## Work to complete
Once "09-79-2000 - Nasco" turns up in a line below, reproduce that line and those after it exactly, stopping after the line with "panorama view of Malaga"; leave pictures out.

## Data for this task
· · · · · · ·

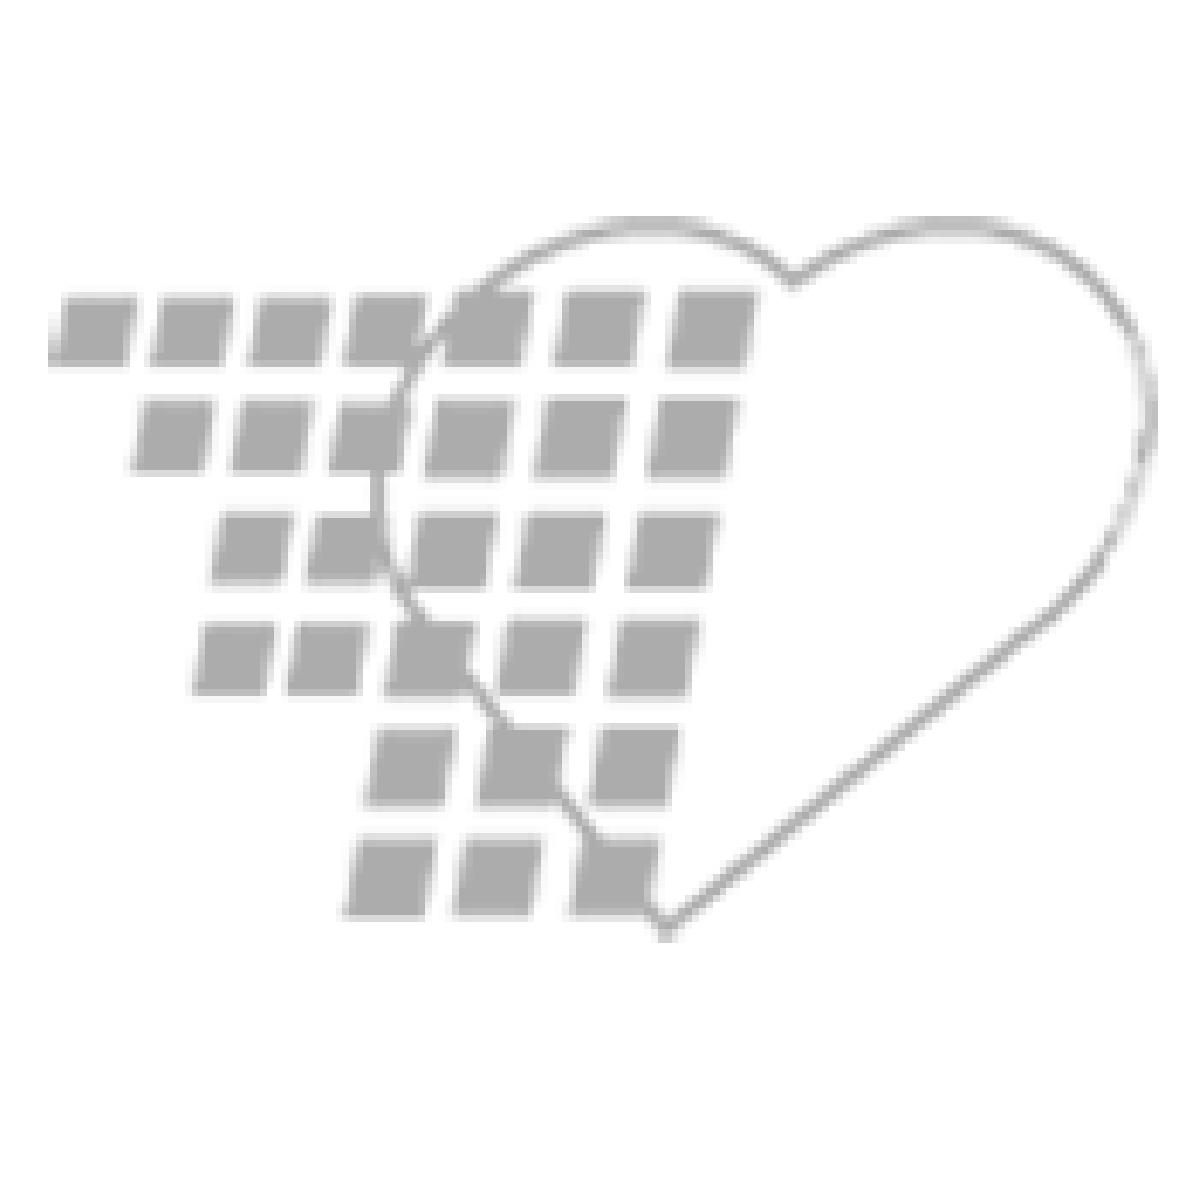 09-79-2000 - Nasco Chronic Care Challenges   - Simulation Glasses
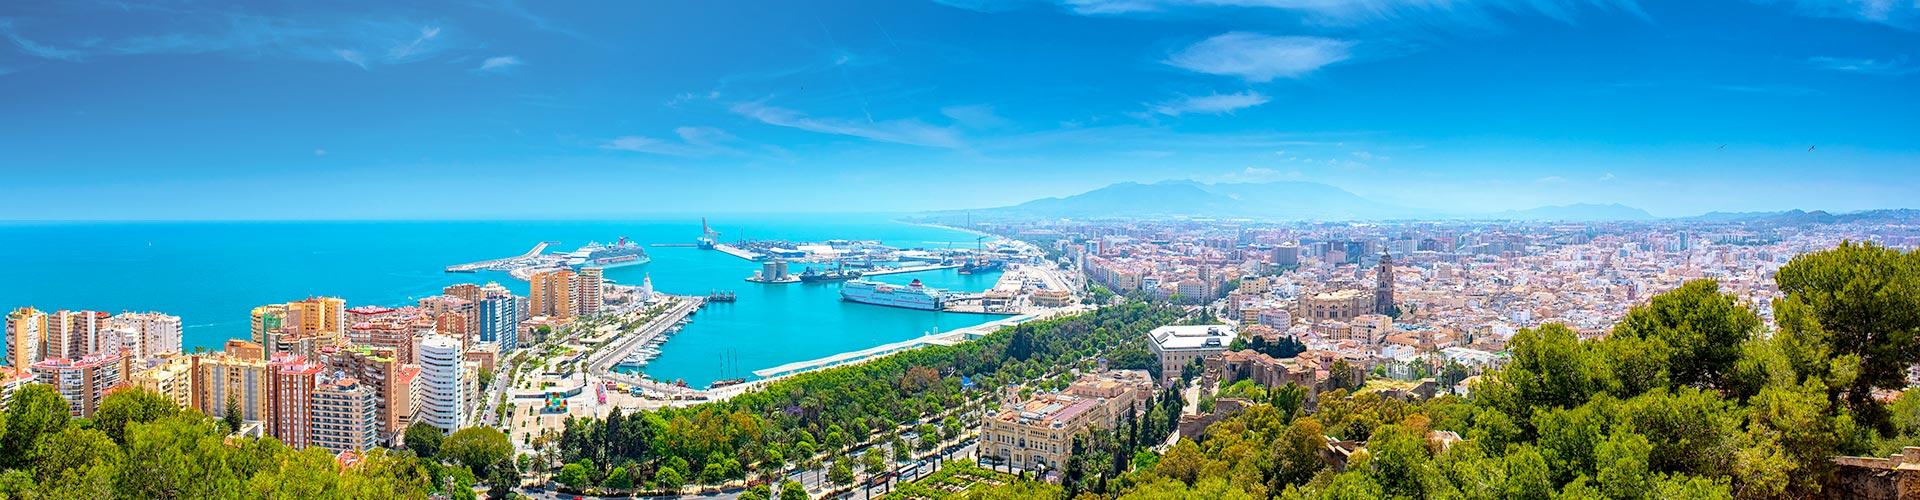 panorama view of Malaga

· · · · · · ·

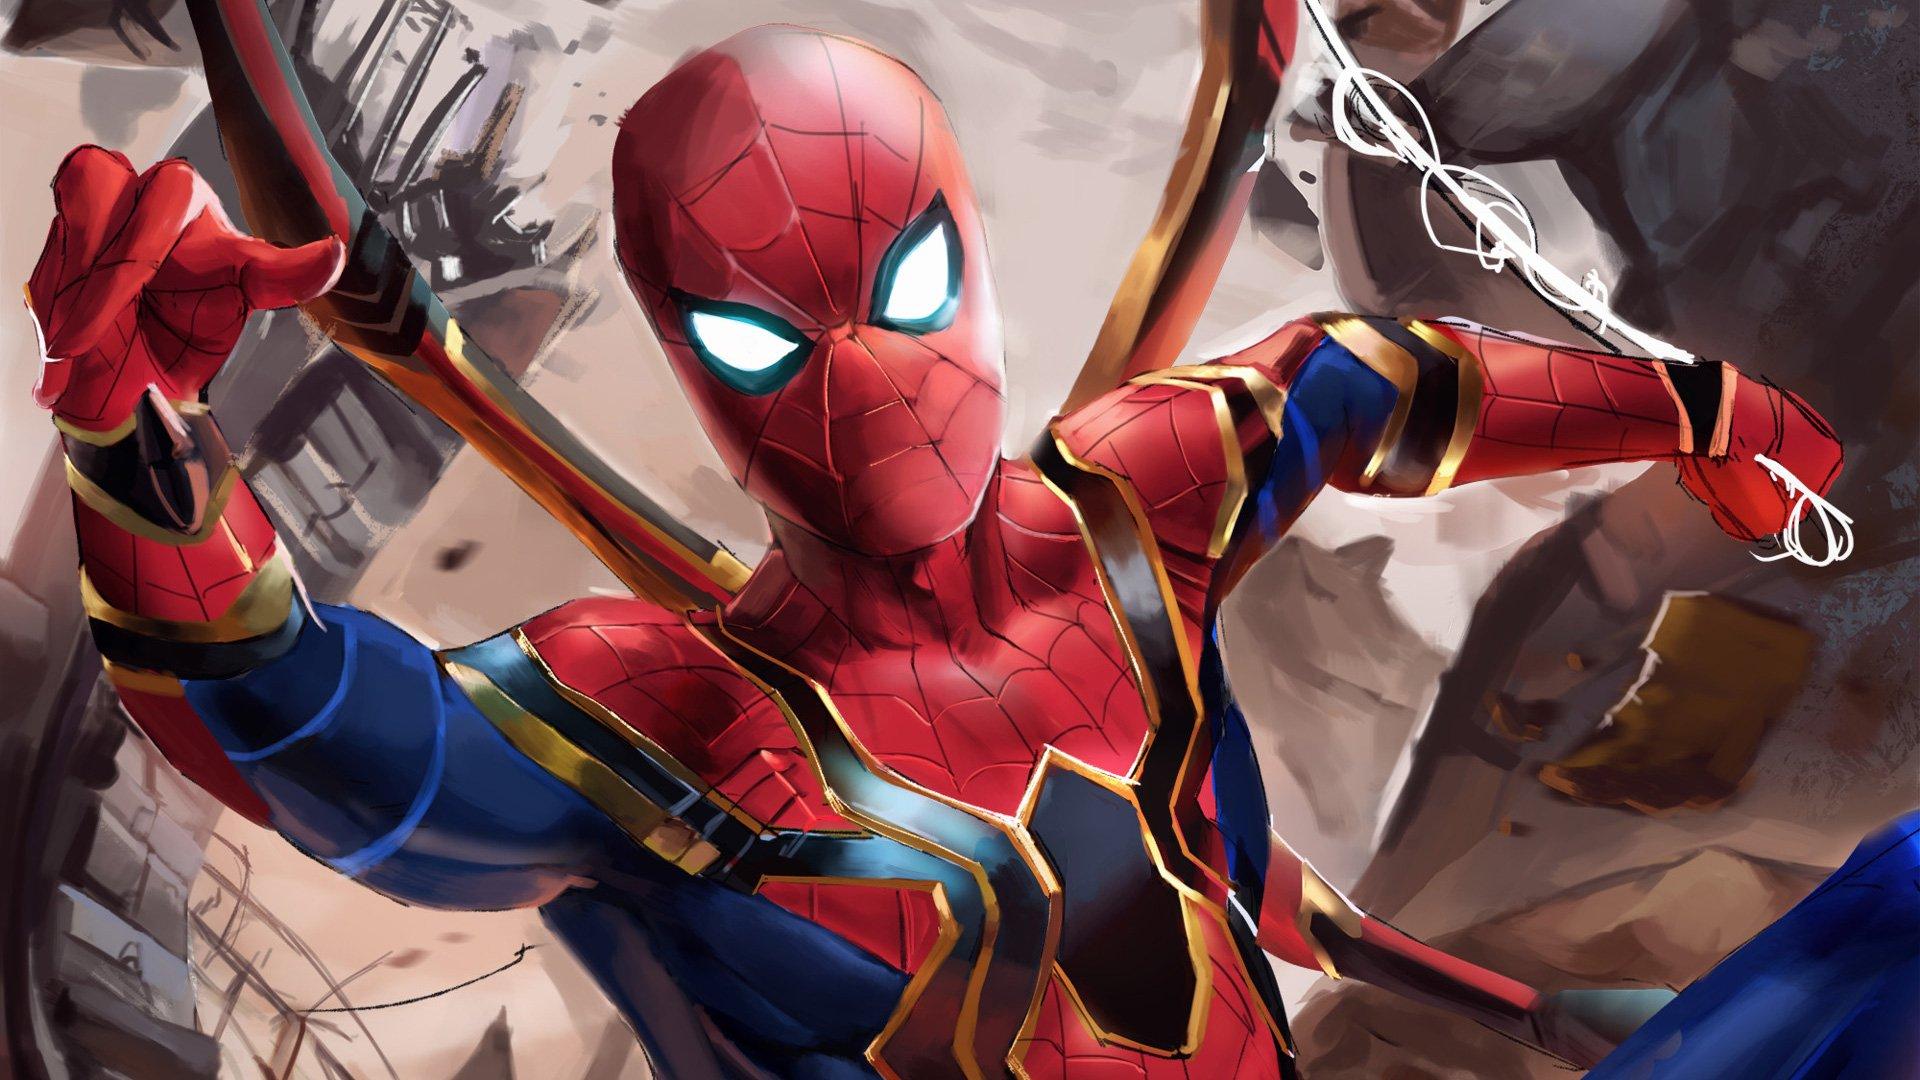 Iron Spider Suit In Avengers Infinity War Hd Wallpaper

· · · · · · ·

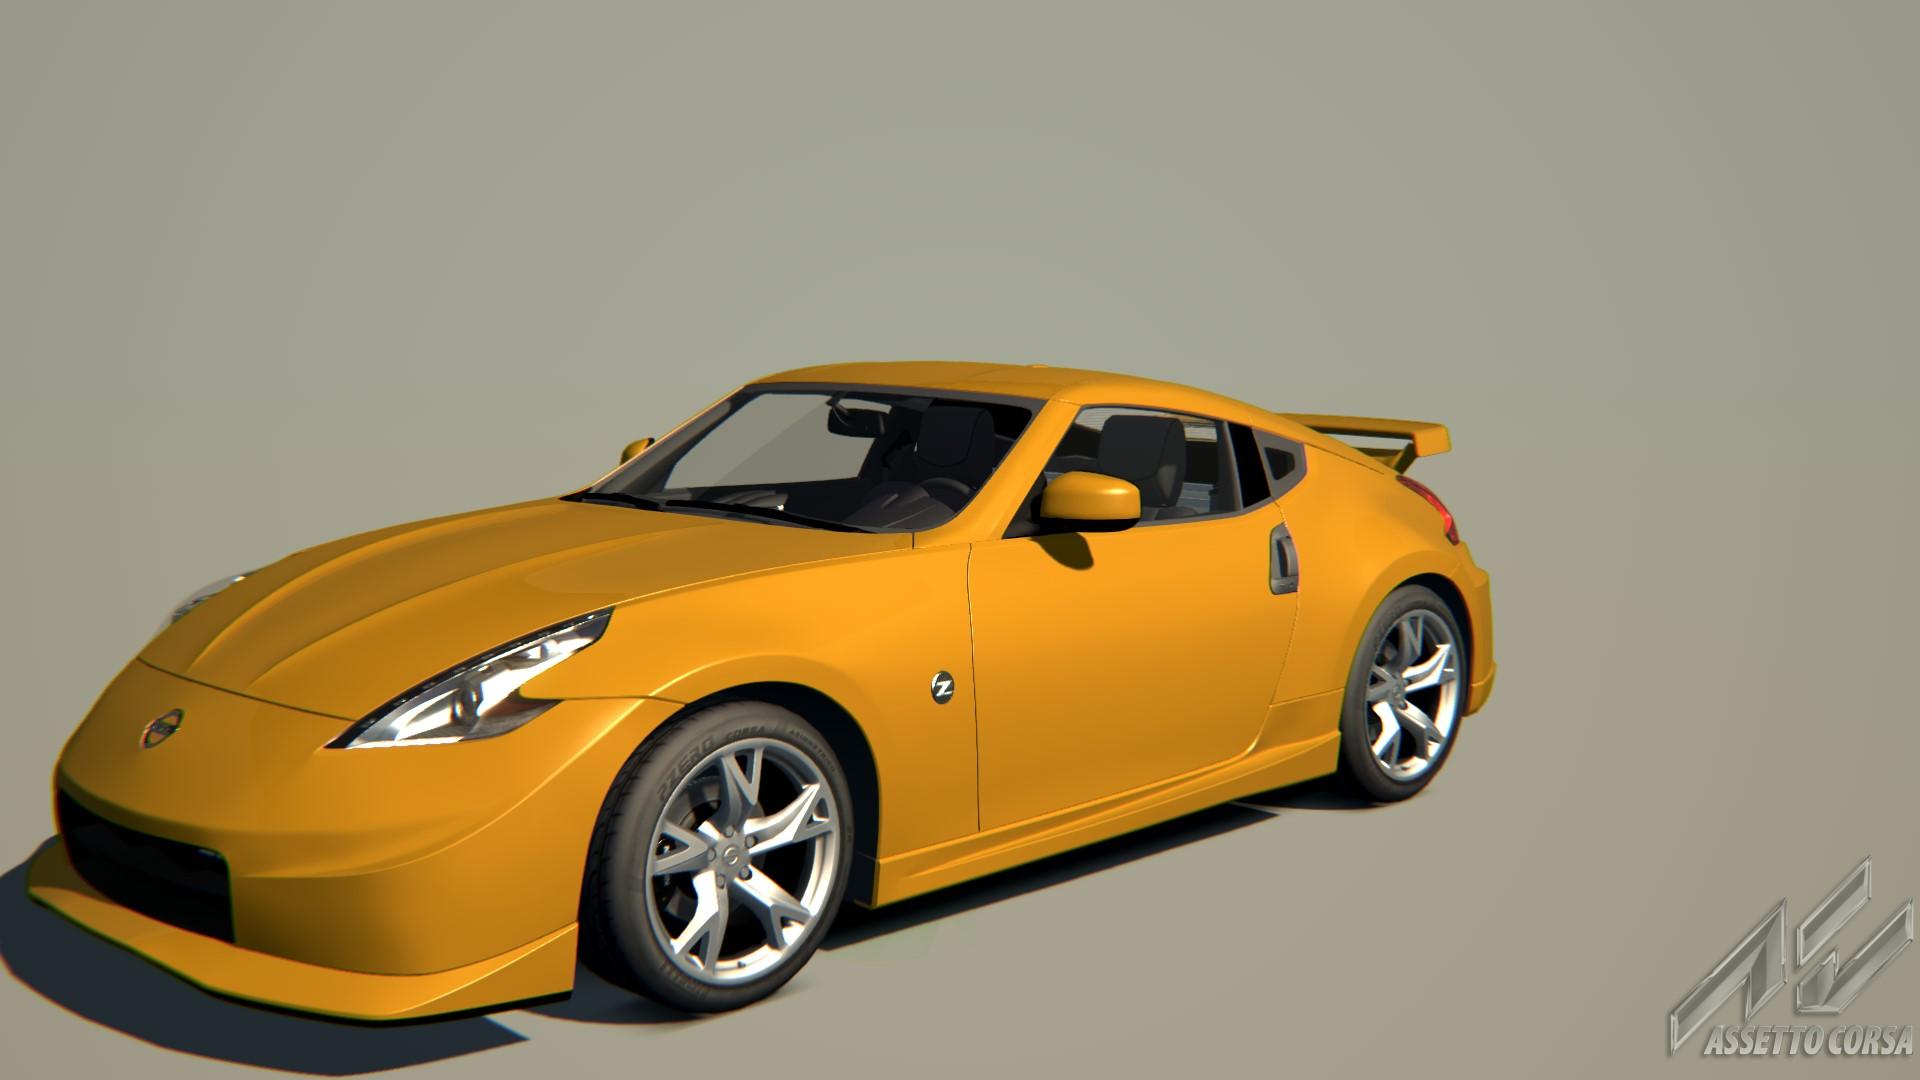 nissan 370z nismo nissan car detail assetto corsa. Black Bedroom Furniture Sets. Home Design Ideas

· · · · · · ·

## Exercise response
 09-79-2000 - Nasco Chronic Care Challenges   - Simulation Glasses
 panorama view of Malaga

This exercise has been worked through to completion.